6. The autologous pressurized diversion system of claim 5, wherein: the pressure sensor is connected with the detection pipeline through a Ruhr board-penetrating joint, the Ruhr board-penetrating joint and the bubble sensor are positioned on the same side, and the power switch and the bubble sensor are positioned on opposite sides.

7. The autologous pressurized diversion system of claim 1, wherein: the top of shell is equipped with the handle and the handle frame of cooperation handle, the handle rotates to be connected on the handle frame.
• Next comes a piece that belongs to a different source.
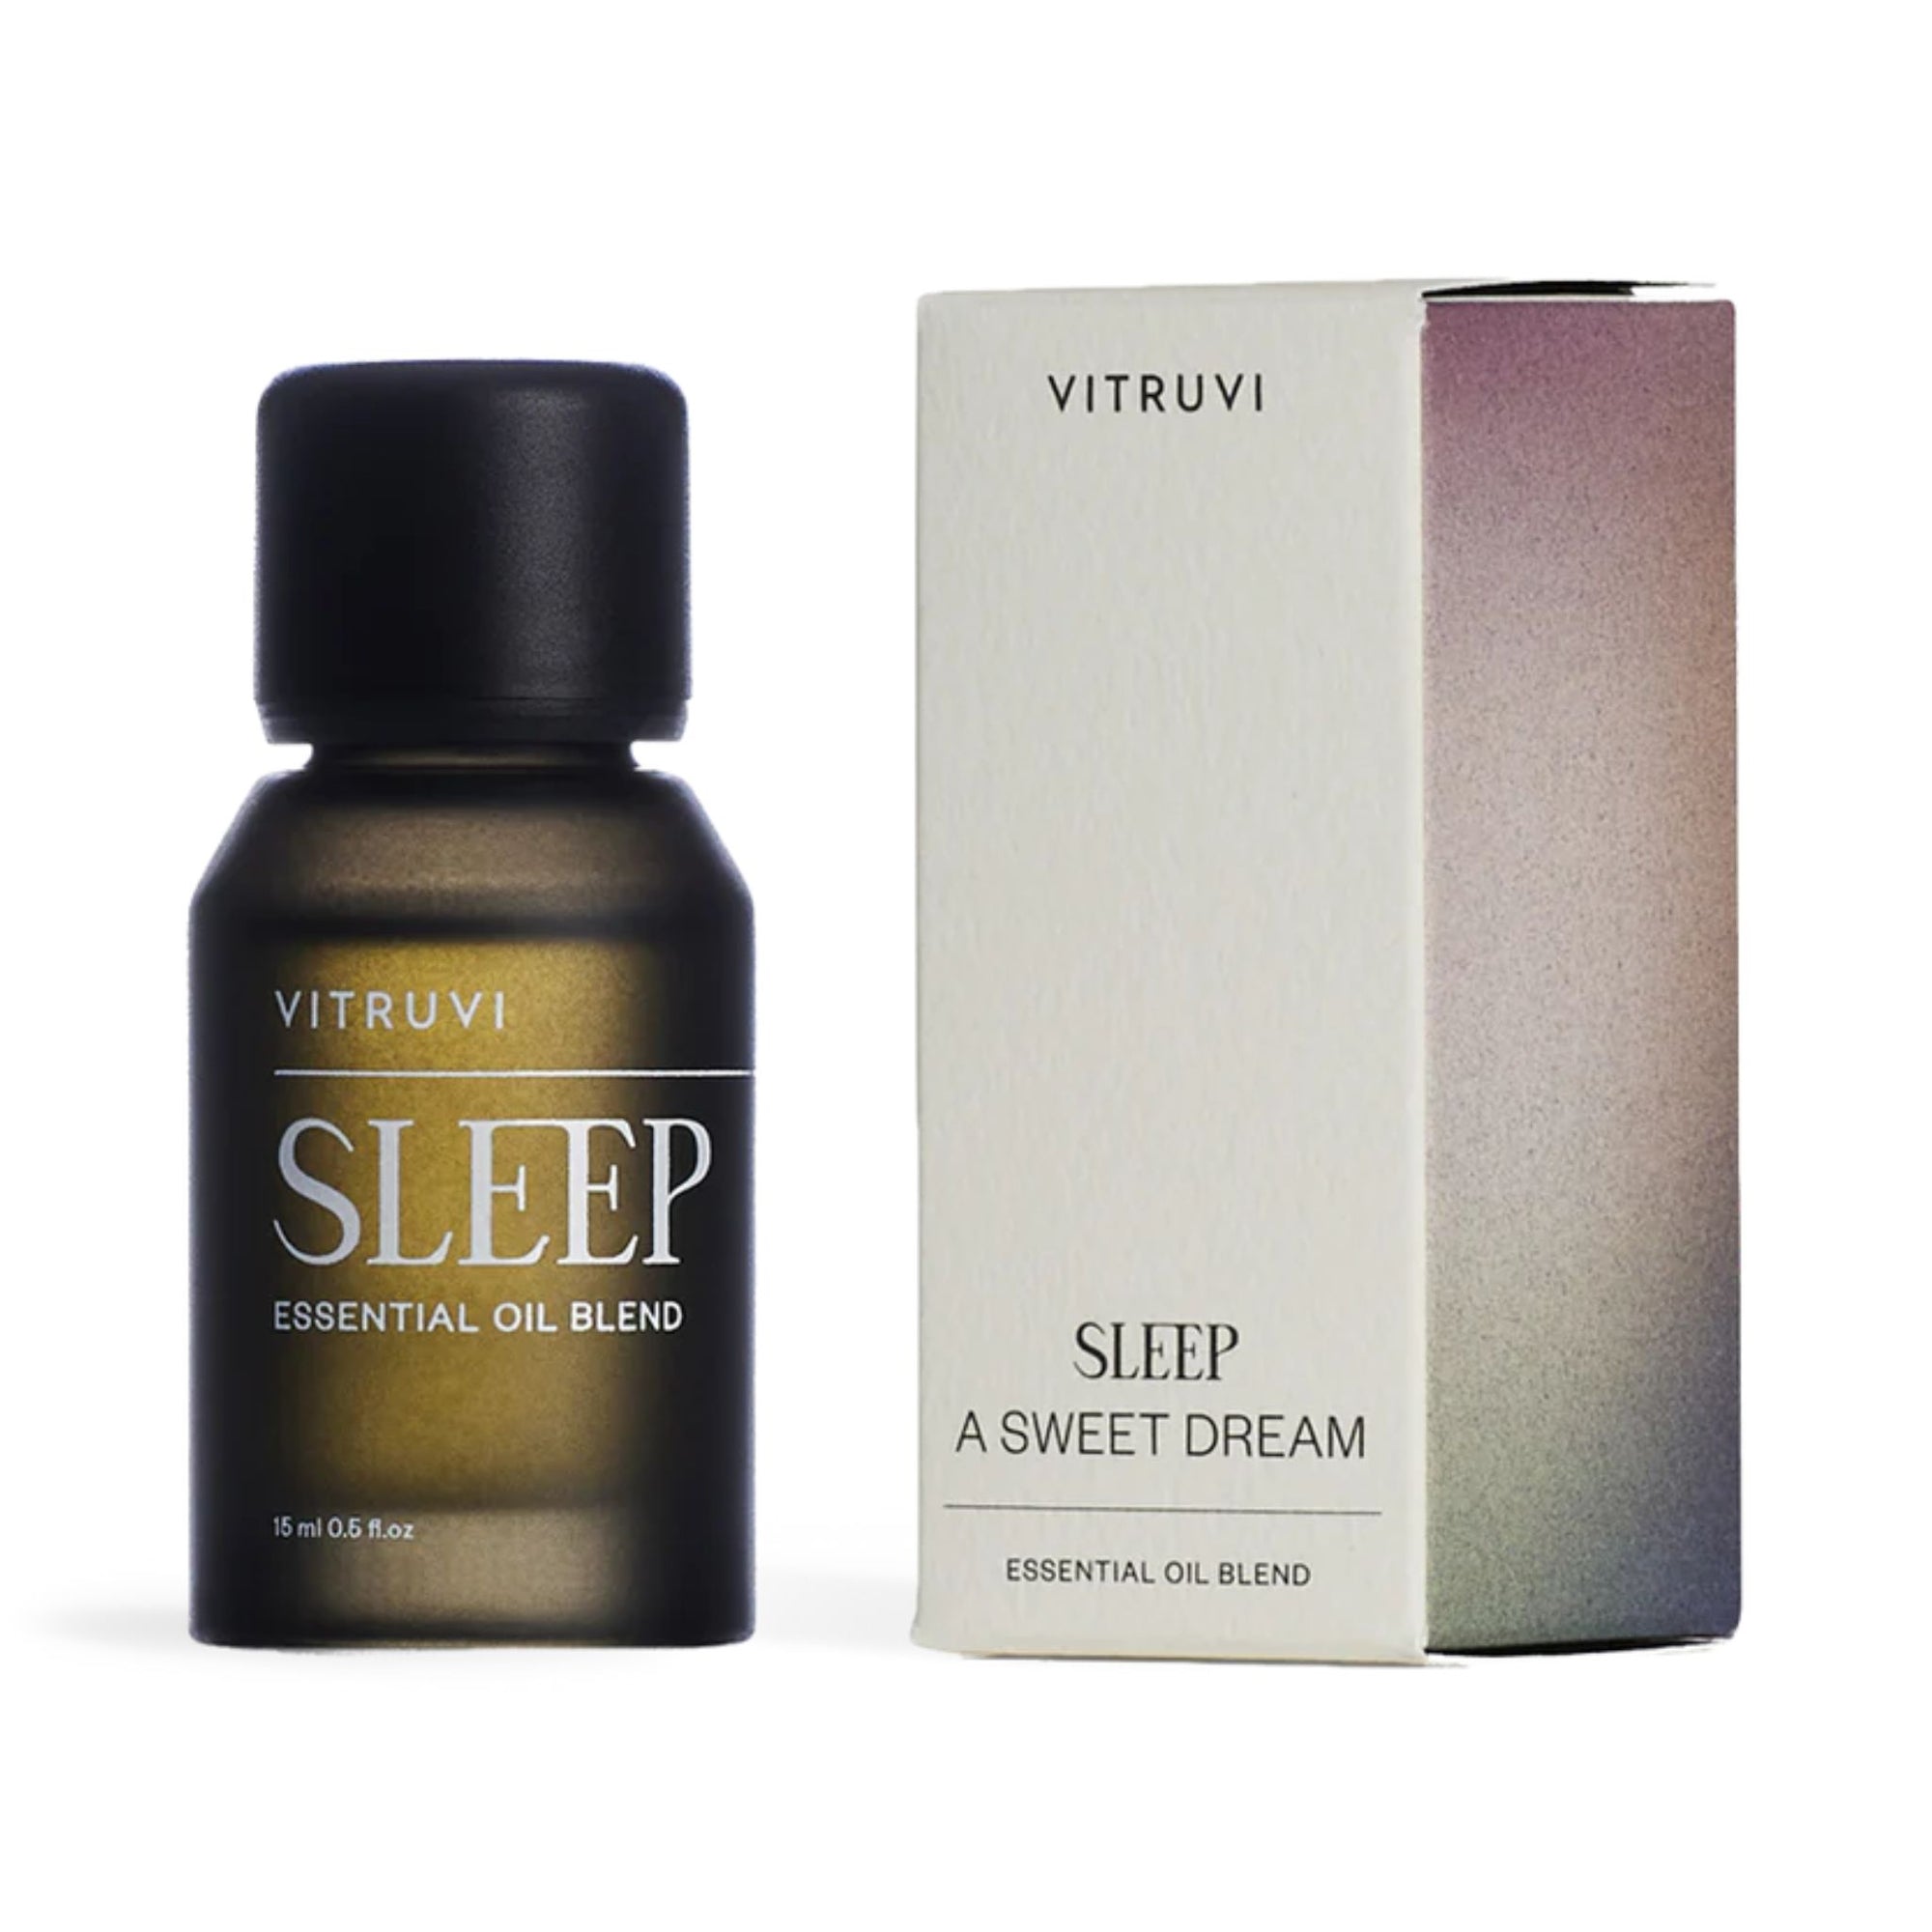 Vitruvi Sleep Diffuser Blend 15ml

8. The autologous pressurized diversion system of claim 1, wherein: one side of pump head is equipped with the pipe strap base of cooperation pump head import and pump head export, and pump head import and pump head export all are equipped with the spring pipe fastener and the torsional spring of cooperation pipe strap base.

9. The autologous pressurized diversion system of claim 4, wherein: the bottom of shell is equipped with the bottom plate, be equipped with four supporting legss on the bottom plate, the shell is including fixed preceding shell and backshell together, all through a plurality of bolted connection between preceding shell and the backshell and between preceding shell, backshell and the back shroud.